Armatocereus (from Latin armatus, "armed" and cereus, "pliant/soft") is a genus of mostly tree-like cacti from South America (Ecuador and Peru). These species have a conspicuous constriction at the end of the annual growth. The flowers are mostly white, with a more or less spiny ovary. The fruits are mostly spiny.

==Description==
Armatocereus species are columnar cacti, bushlike or treelike, with cylindrical upright branched stems. The stems have 5–12 distinct ribs, and are made up of sections with a narrower "neck" between them, corresponding to annual growth. The large areoles bear strong spines, rarely few or none. The narrow tubular flowers appear at night, and have a spiny ovary and floral tube and white petals (red in A. rauhii). The red or green fruit is large, globular or ovoid, with strong spines that are lost on maturity. It contains large black seeds, ovoid or kidney-shaped.

==Taxonomy==
The genus name was first mentioned in print by Curt Backeberg in 1934, and again in 1935. However, at the time, the International Code of Botanical Nomenclature required a Latin description for a genus name to be accepted, and this was not published until 1938. Armatocereus means "armed cereus", referring to the spines.

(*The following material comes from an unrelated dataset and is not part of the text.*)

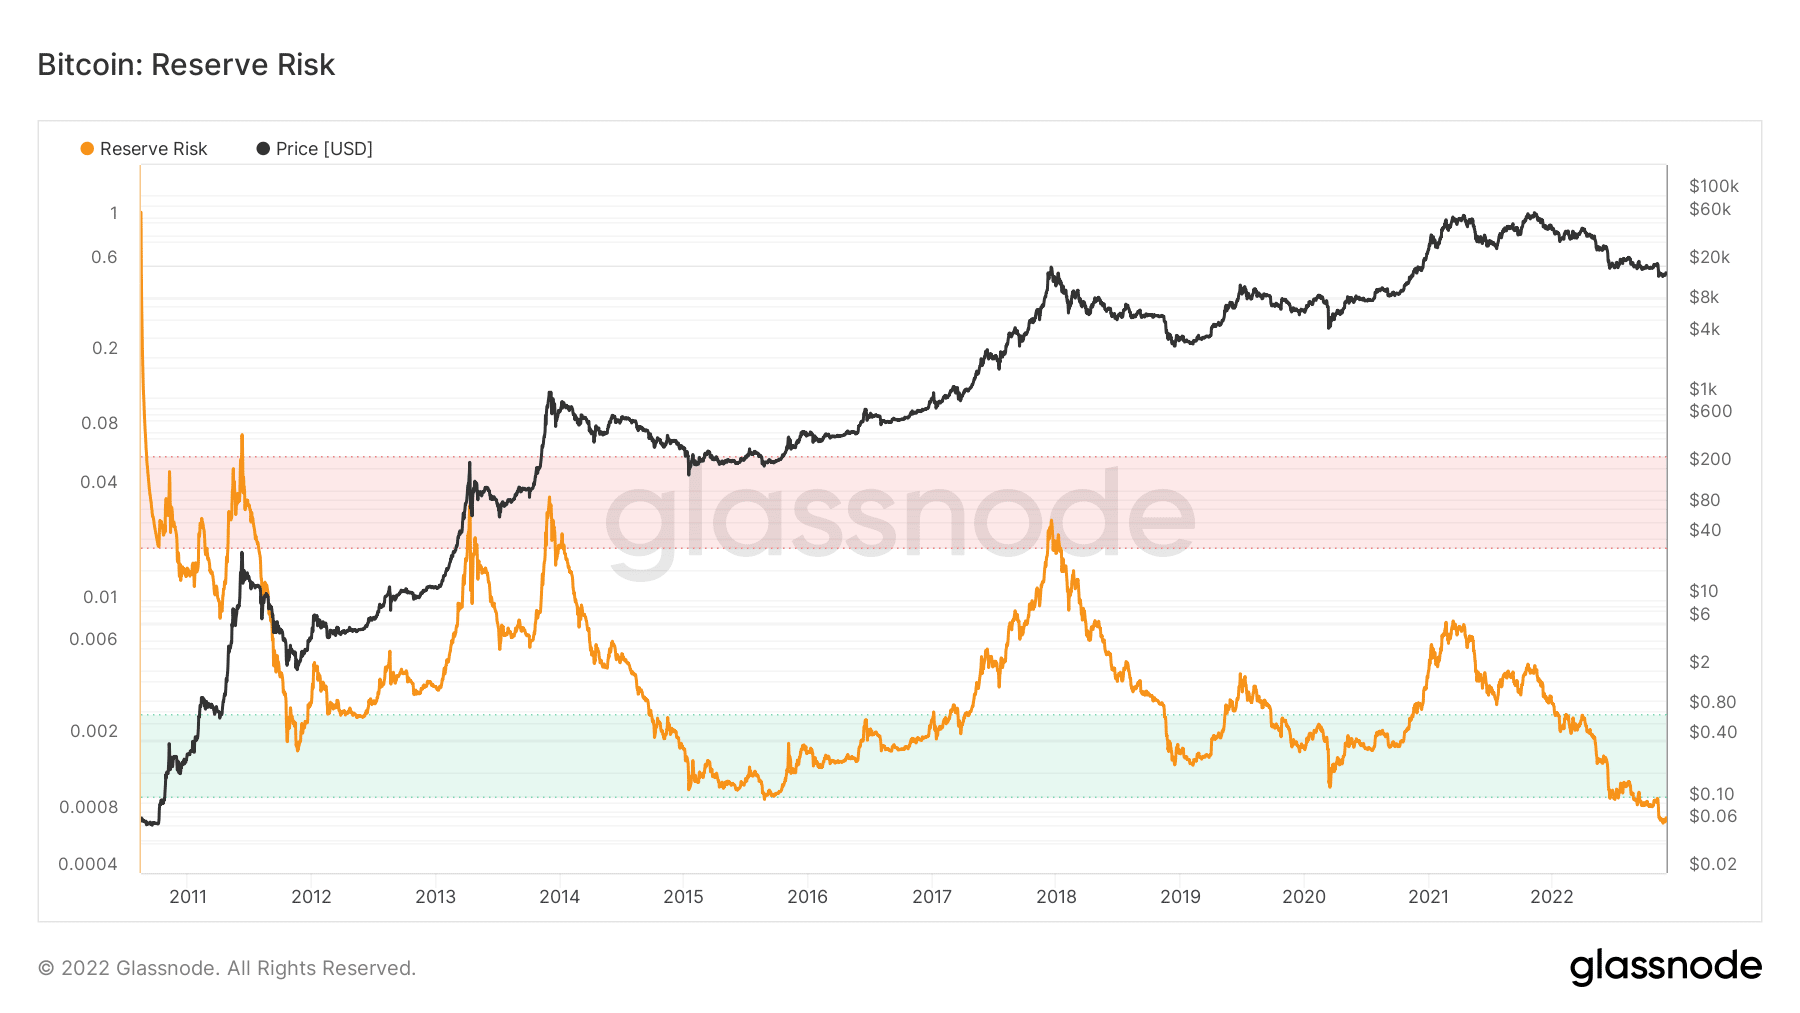 Bitcoin reserve risk and price
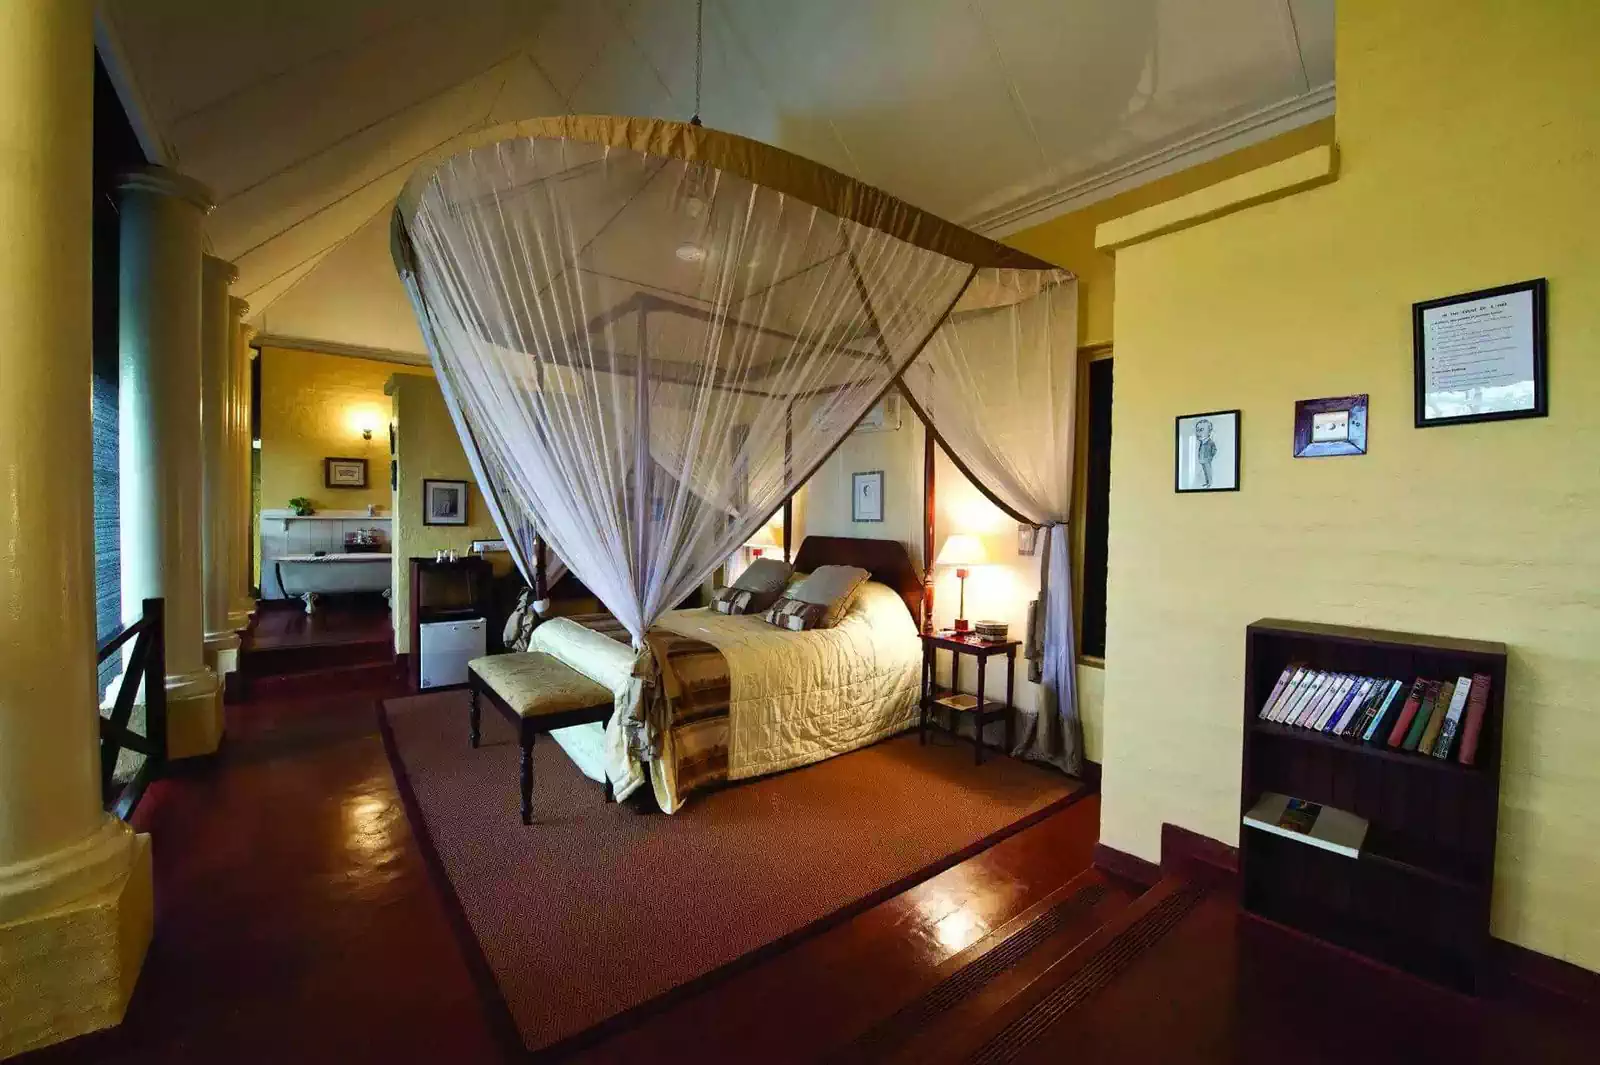 Luxurious colonial look lodge bedroom in Zambian lodge designed by architect

===Phylogeny and classification===
Classifications based on morphological characters placed Armatocereus in the subfamily Cactoideae, tribe Browningieae. However, molecular phylogenetic studies have repeatedly shown that the tribe Browningieae is not monophyletic (like most other traditional cactus tribes). A 2011 study places Armatocereus in a clade called "PHB", as it contains members of the previously defined tribes Pachycereeae, Hylocereeae and Browningieaes; other Browningieae members, including Browningia, are placed in a more distantly related BCT clade. The main clades in the resulting phylogeny are shown below.

===Species===
As of 2025 Plants of the World Online accept the following species:

| Image | Scientific name | Distribution |
|---|---|---|
|  | Armatocereus cartwrightianus (Britton & Rose) Backeb. | Ecuador and Peru |
|  | Armatocereus ghiesbreghtii (K.Schum.) F.Ritter | Peru |
|  | Armatocereus godingianus (Britton & Rose) Backeb. | Ecuador and Peru |
|  | Armatocereus laetus (Kunth) Backeb. | Peru |
|  | Armatocereus matucanensis Backeb. | Ecuador and Peru |
|  | Armatocereus procerus Rauh & Backeb. | Southern Peru. |
|  | Armatocereus rauhii Backeb. | north of Peru |

Other sources, including Anderson (2001), list further species not accepted in The Plant List:
- Armatocereus arduus F.Ritter = A. rauhii
- Armatocereus ghiesbreghtii (K.Schum.) F.Ritter – status unresolved in The Plant List
- Armatocereus mataranus F.Ritter = A. matucanensis
- Armatocereus oligogonus Rauh & Backeb. = A. matucanensis
- Armatocereus riomajensis Rauh & Backeb. = A. matucanensis
- Armatocereus rupicola F.Ritter = A. rauhii

==Distribution and habitat==
The genus is found in Ecuador and Peru, with most species occurring in Peru. (Older sources include Stenocereus humilis in the genus, which occurs in Columbia.)